Don Rongione is president and CEO of Bollman Hat Company, based in Adamstown, Pa., and founded in 1868. “About five years ago we did a painful downsizing because we lost a lot of business to China. Some of that business did come back because they recognized the loss in quality, but we had to cut staff dramatically—nearly one-third in one shot. In the 1980s, we had 1,000 people manufacturing hats and components. Now we employ less than 100.” Rongione’s response has been to fight back, forming American Made Matters, an organization of 34 members and sponsors from companies that make things as disparate as vacuum cleaners and organic pet toys to fashion brands like Todd Shelton, Billy Kirk and Tellason. “To be a member, at least half of the product must be of U.S. origin and final assembly of the product must take place here. The FTC has a standard for labeling ‘Made in U.S.A.’ which states that 90 percent of a product’s component parts must be made in the United States. That’s virtually impossible now that so much of our industry has moved offshore. Our mission is to educate consumers, not to work through government lobbying. We reach out via the web (which includes a ‘where to buy’ section), social networking and the press.”

The good news is that Bollman’s business picked up 10 percent last year; they are working with fashion brands, such as Rag & Bone, that understand the importance of making here and appreciate the shorter lead times, innovation and lack of minimums that a domestic manufacturer can offer. AMM is not alone: a growing number of regional and trade associations are working to raise awareness about job creation, economic stimulation and quality issues.

Hooray for Hollywood

While Hollywood and Seventh Avenue have always had a mutual attraction, lately documentaries have dominated the category. Two new productions chronicling our industry are slated for release later this year.

Former DNR men’s editor Vicki Vasilopoulos’ film Men Of The Cloth follows three Italian master tailors whose devotion to their disappearing craft sustains them in the face of mass production and the decline of the apprentice system. Vasilopoulos needs funds to finish editing the film and is employing a “crowdfunding” approach, running a campaign on IndieGoGo.com and partnering with like-minded sponsors: individuals who contribute to her campaign will be rewarded by Carrot & Gibbs, Mel Gambert, Ike Behar, Adrian Jules, Holland & Sherry, Isles Textile Group or Gladson Ltd. Master tailors Nino Corvato and Joe Centofanti (subjects of the film) are both offering a custom-made sportcoat. See menoftheclothfilm.com for more details.

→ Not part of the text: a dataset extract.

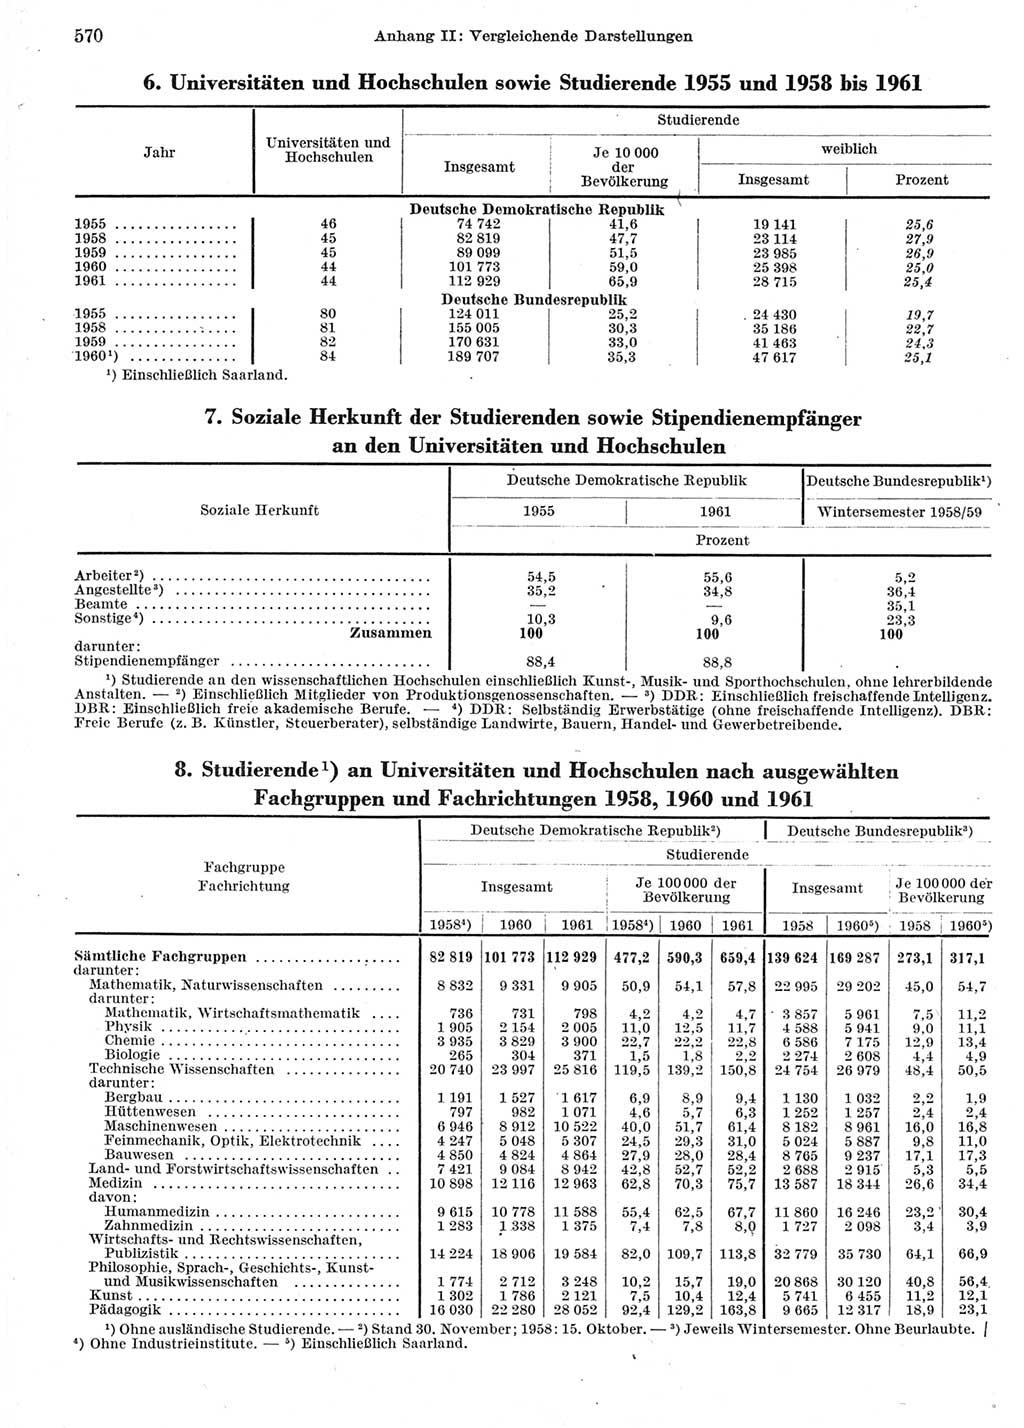 Statistisches Jahrbuch der Deutschen Demokratischen Republik (DDR) 1962, Seite 570 (Stat. Jb. DDR 1962, S. 570)

James Belzer is already screening The Tents, a film about the history of New York fashion week. He has also cofounded Make it in Manhattan with handbag designer Michelle Vale: the initiative, incorporating a film, website and seminars, promotes New York as a fashion capital and reinforces the importance of domestic manufacturing. “People need to be told to care,” says Belzer. “Documentaries raise a different level of consciousness. I wanted to be upbeat about what we can do and show the consumer that we all need to buy American and show a level of social responsibility. But it has to be about the laws of attraction, not finger pointing.” Belzer makes his point by interviewing garment center champions Steven Cox and Daniel Silver of Duckie Brown and Jeff Rudes of J. Brand. See makeitinmanhattan.com for more information.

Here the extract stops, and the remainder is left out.